On Monday, the Federation of the Swiss Watch Industry (FH) announced that industry and government leaders signed a watch memorandum which spelled out China’s plans to cut tariffs on Swiss watches by 60 percent over the next decade. The agreement states that once the free trade deal is signed, Swiss watch imports will be lowered by 18 percent in the first year and 5 percent annually after that. Signatories to the memorandum will meet once a year, and include the FH, the Swiss State Secretariat for Economic Affairs, the China Horologe Association, and the Chinese Ministry of Industry and Information Technology. As negotiations currently stand, the free trade agreement will allow Switzerland to remove tariffs on almost all goods imported from China, while China will remove them from 84 percent of imported Swiss goods.
This deal is likely to give a boost to lagging watch exports from Switzerland to the mainland. Swiss watches, which are popular for official “gifting” purposes in China, saw exports to China decline 26 percent in the first three months of the year. Although there has been a general luxury slowdown this year, the steep watch decline has been particularly attributed to the government’s crackdown on luxury gifting. Sales in mainland China were down 22 percent in April.

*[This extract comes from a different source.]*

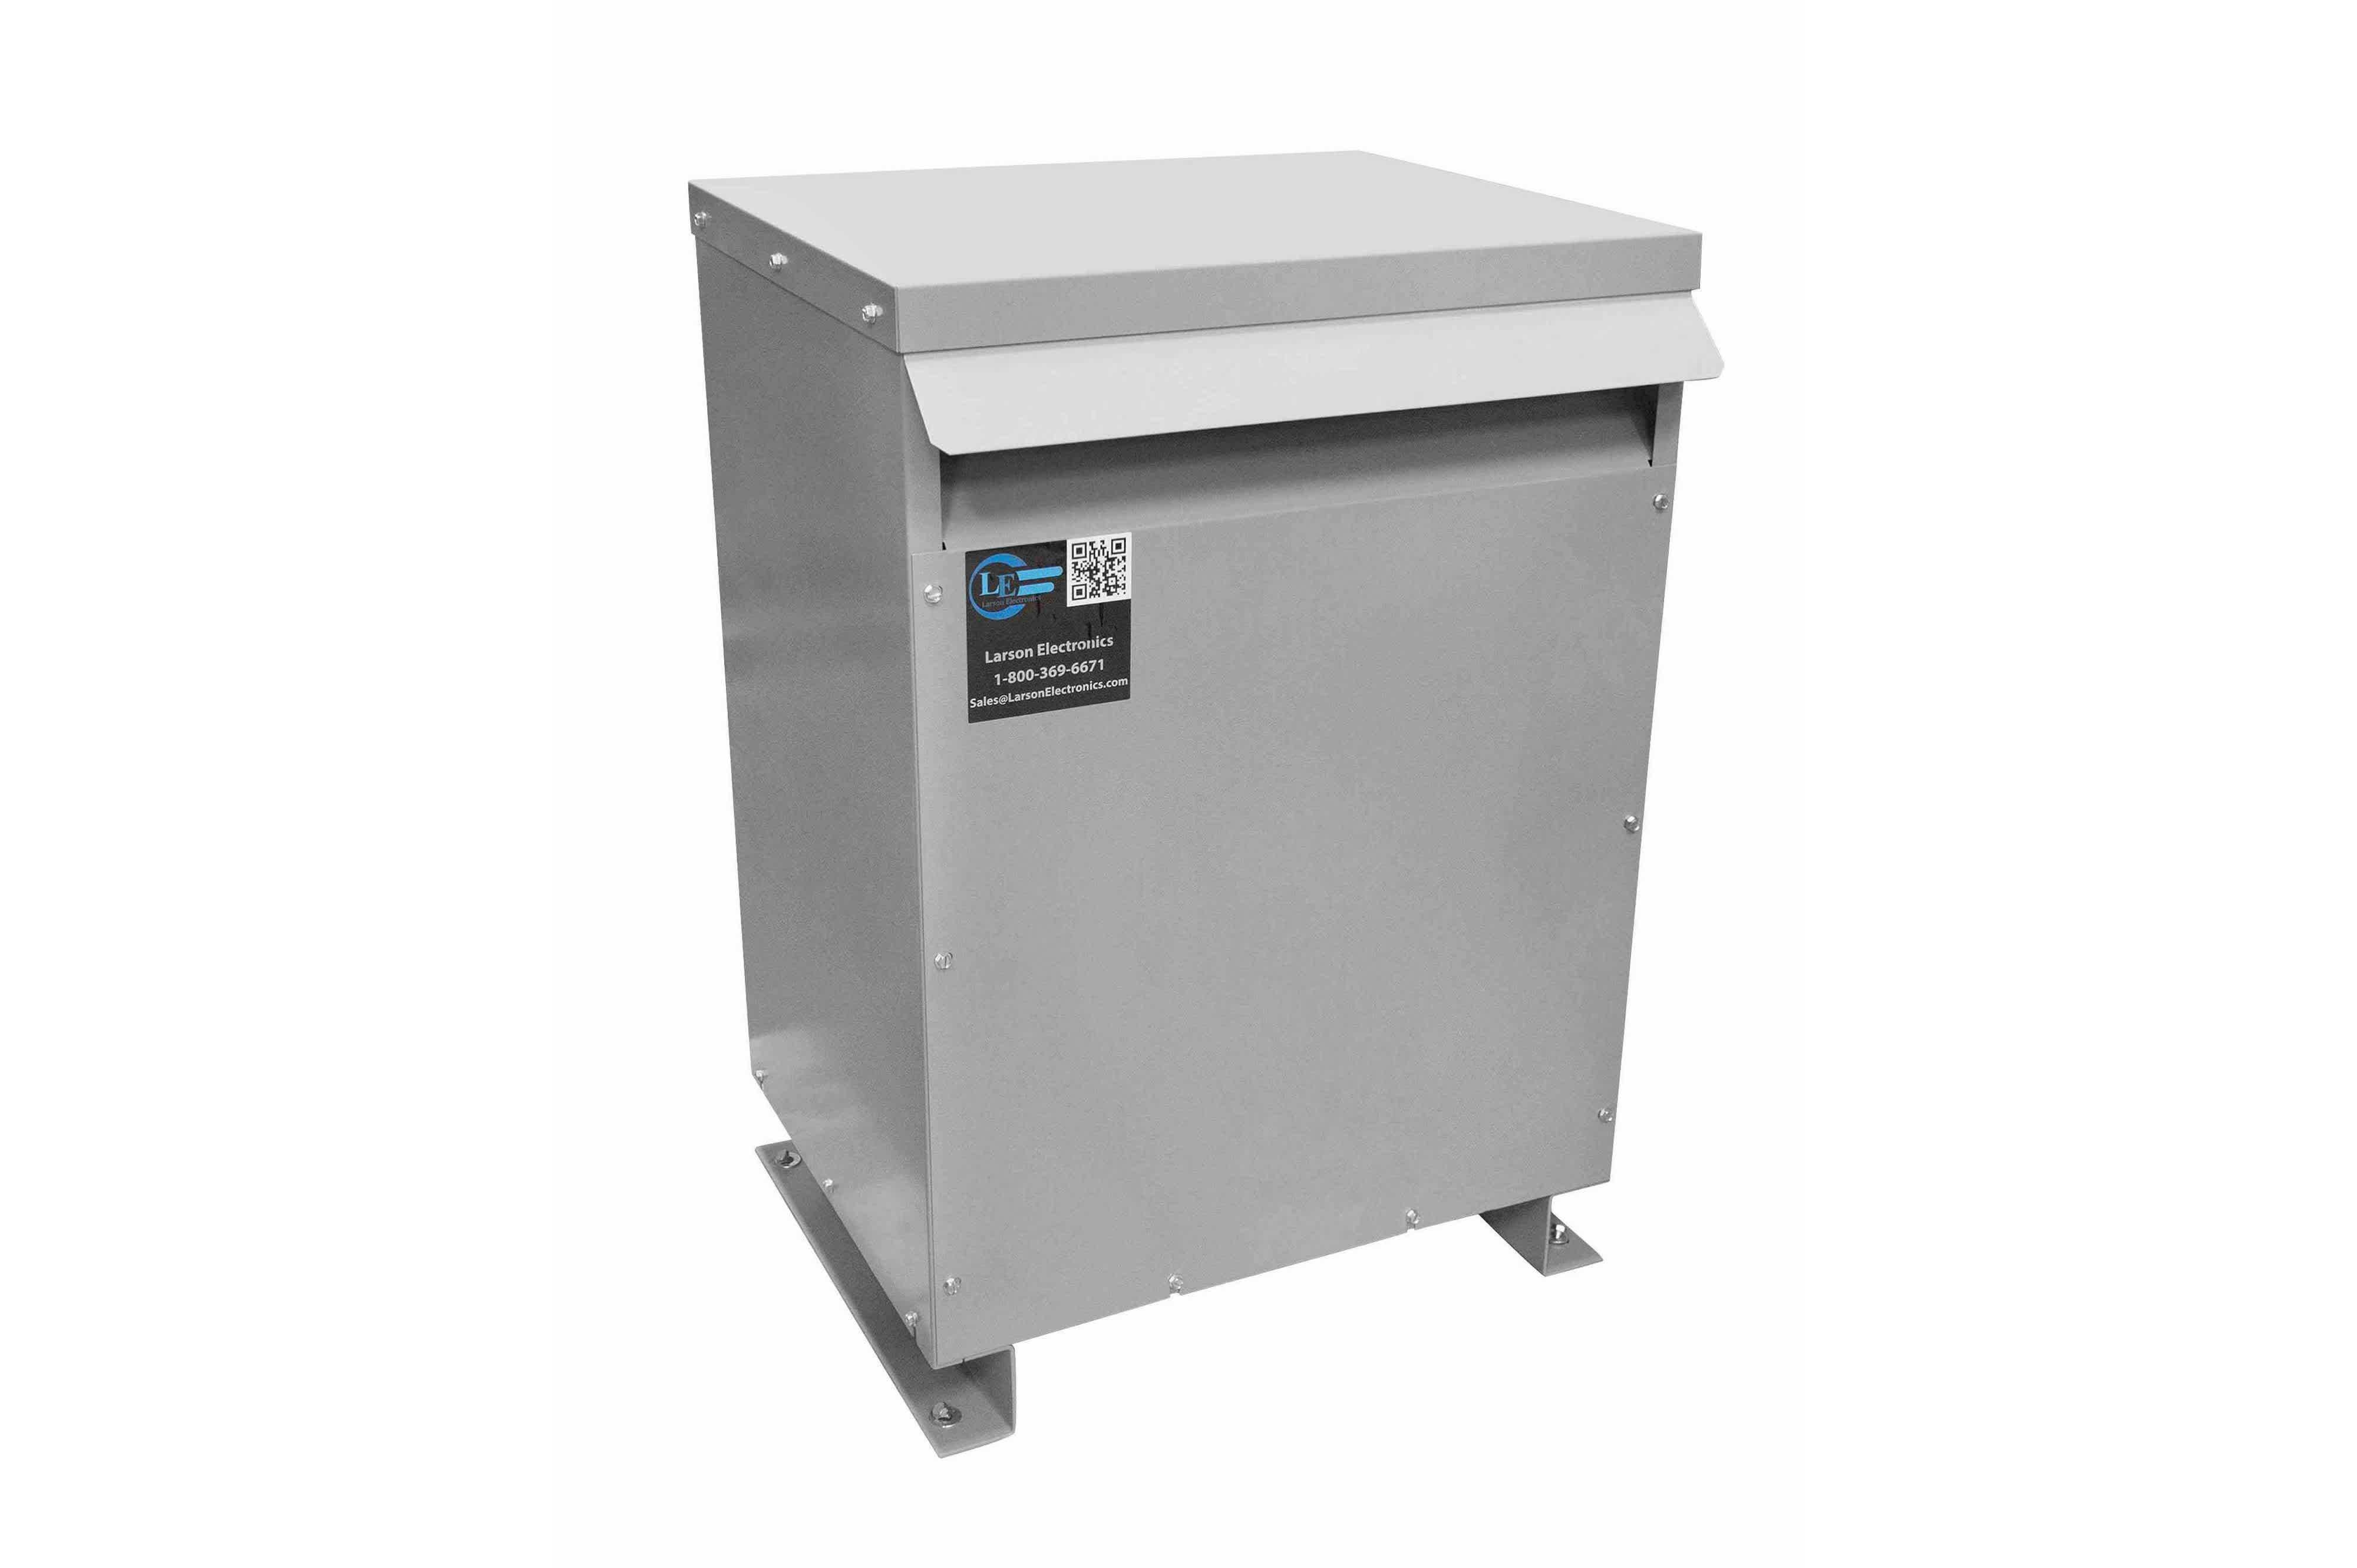 36 kVA 3PH Isolation Transformer, 208V Wye Primary, 480Y/277 Wye-N Secondary, N3R, Ventilated, 60 Hz
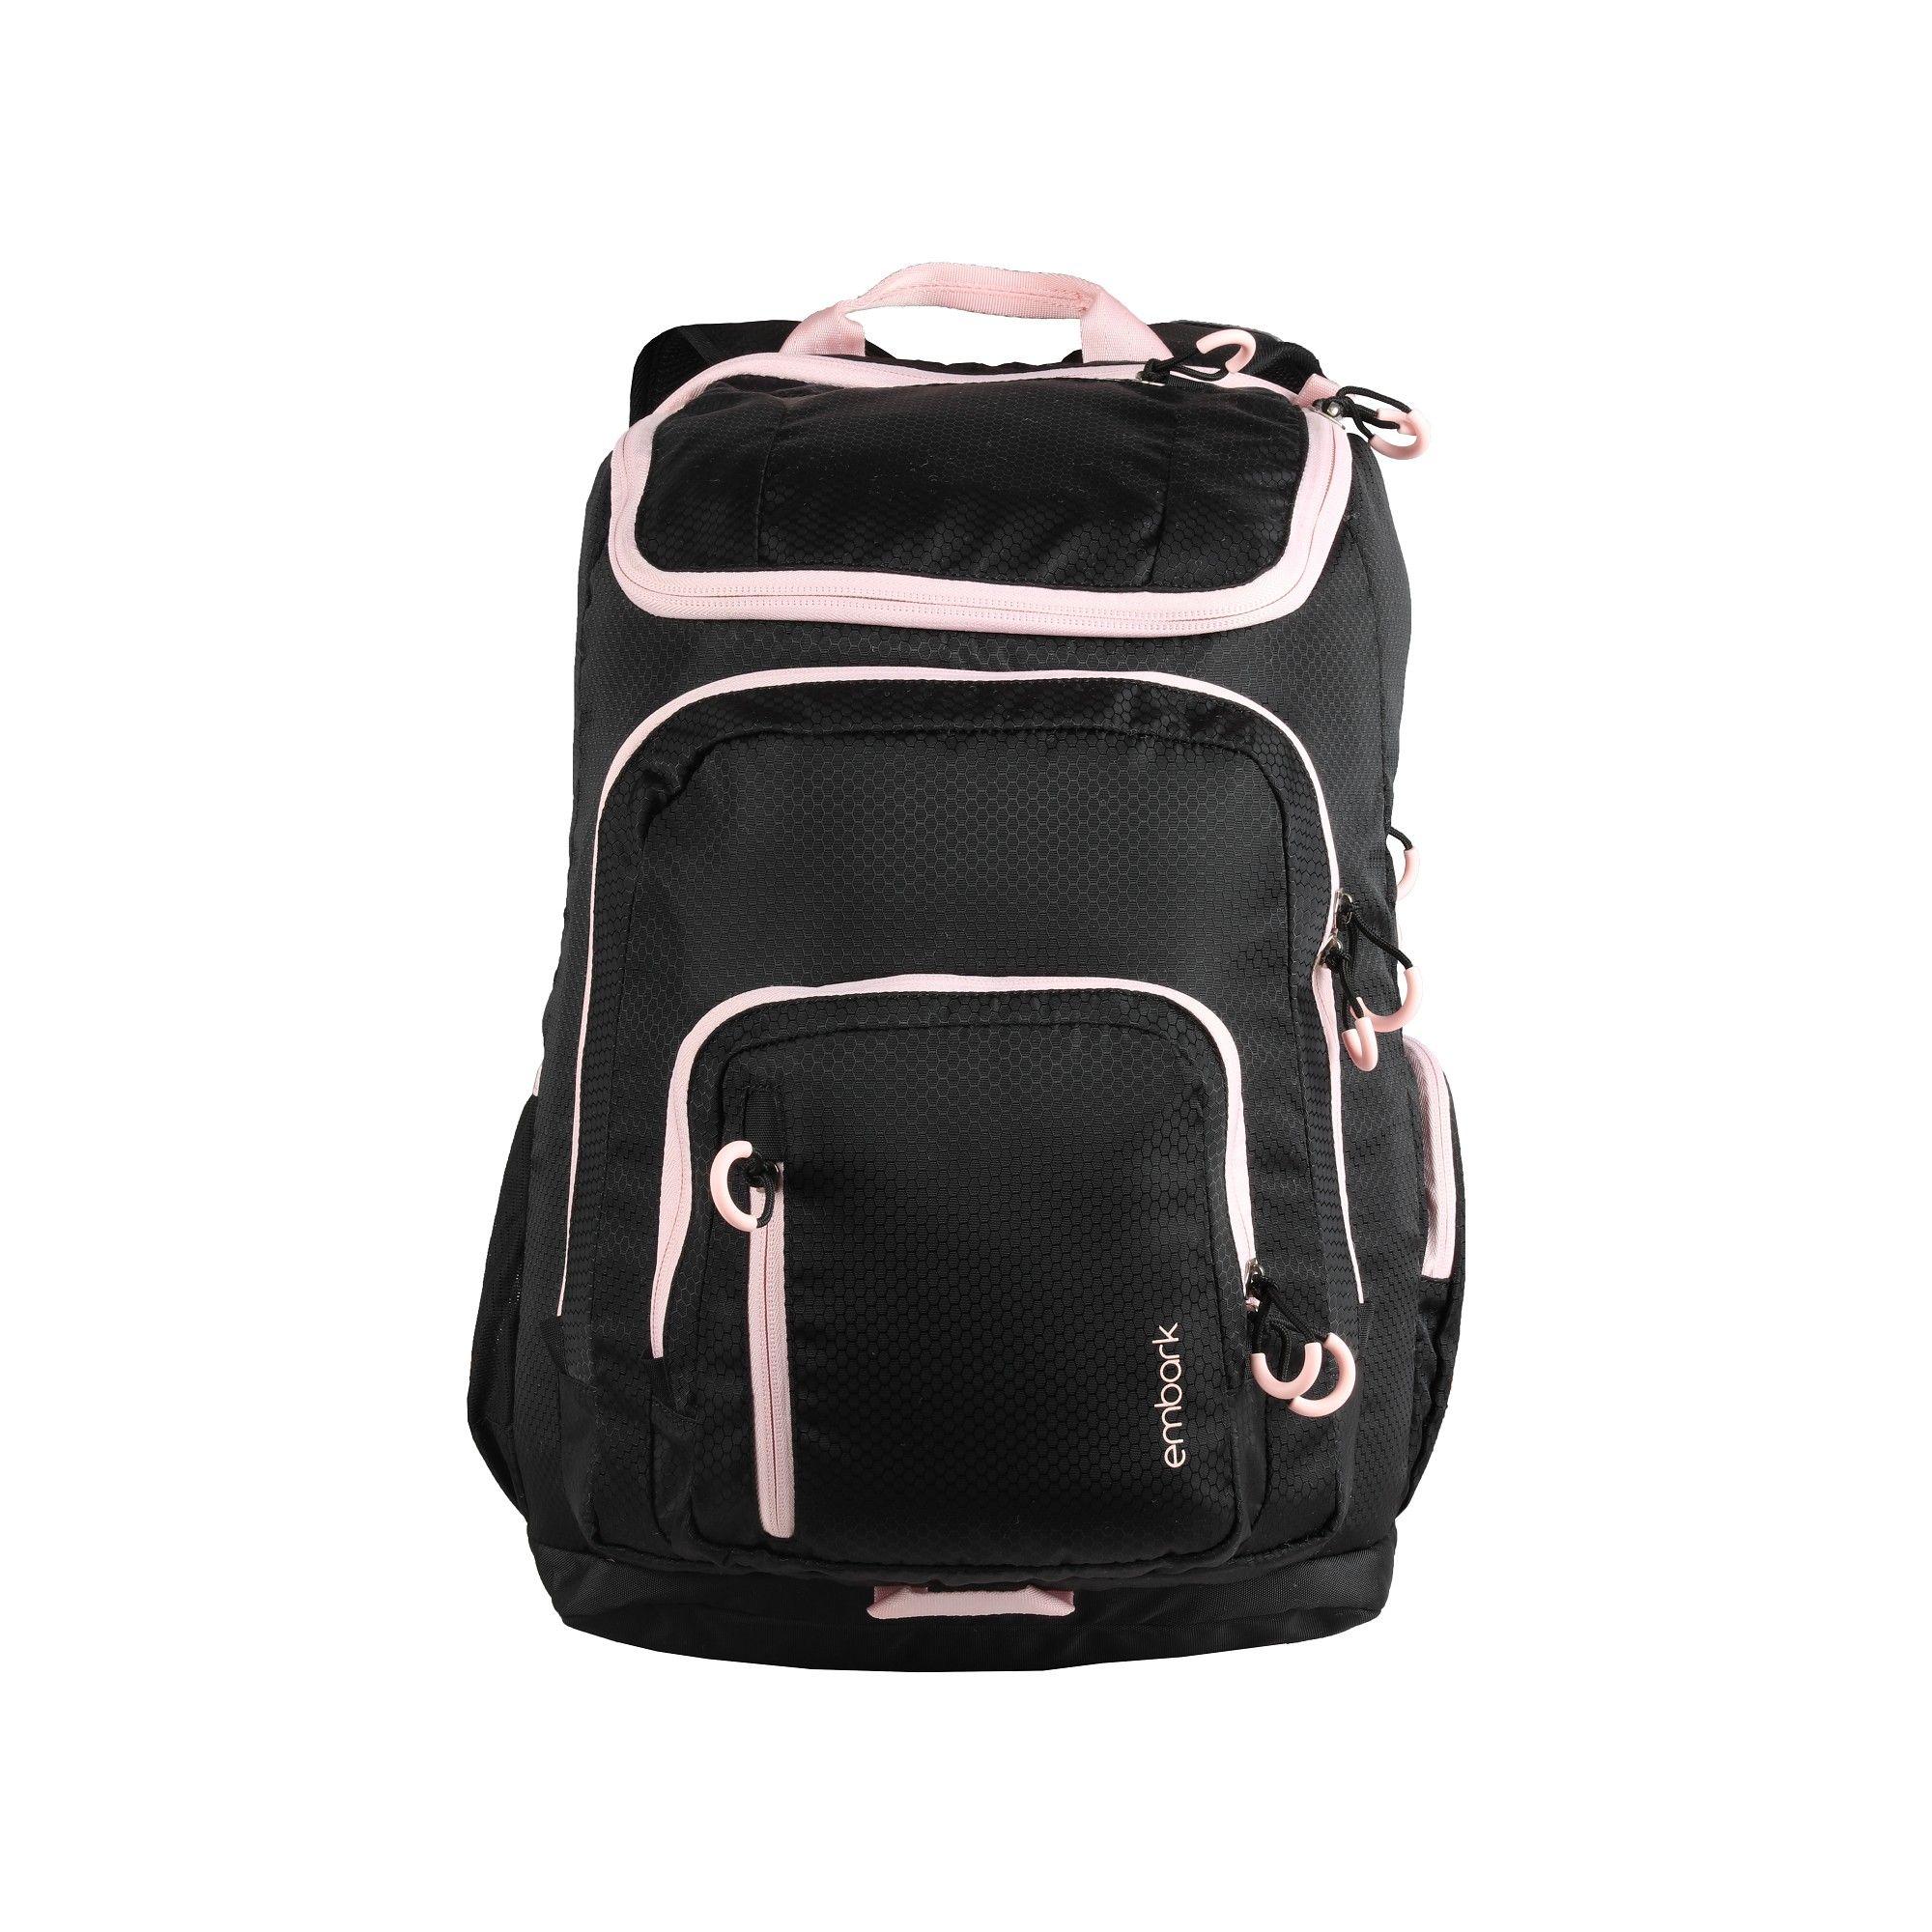 752a2472165e 19 Jartop Elite Backpack - Black/Light Pink - Embark   Products ...

High taxes on luxury goods have been a significant factor in high prices that have driven the majority of Chinese luxury purchases out of the country. While import duties are one factor, Swiss watches over $1,560 also have a steep luxury tax of 20 percent. Yu Jianhua, China’s assistant minister of commerce, said in a press conference discussing the watch memorandum that value-added and consumption taxes would remain on watches. Meanwhile, another official recently stated that some luxury goods may be reclassified as “daily necessities” and see lower taxes without discussing what these items may be.
Luxury goods play a major role in trade between China and many European nations. When President François Hollande of France recently visited China to discuss trade between the two countries, he brought with him luxury conglomerate PPR (soon to be renamed Kering) head François-Henri Pinault to announce the donation of a set of Qing dynasty bronze zodiac heads that had caused a great deal of controversy between China and France.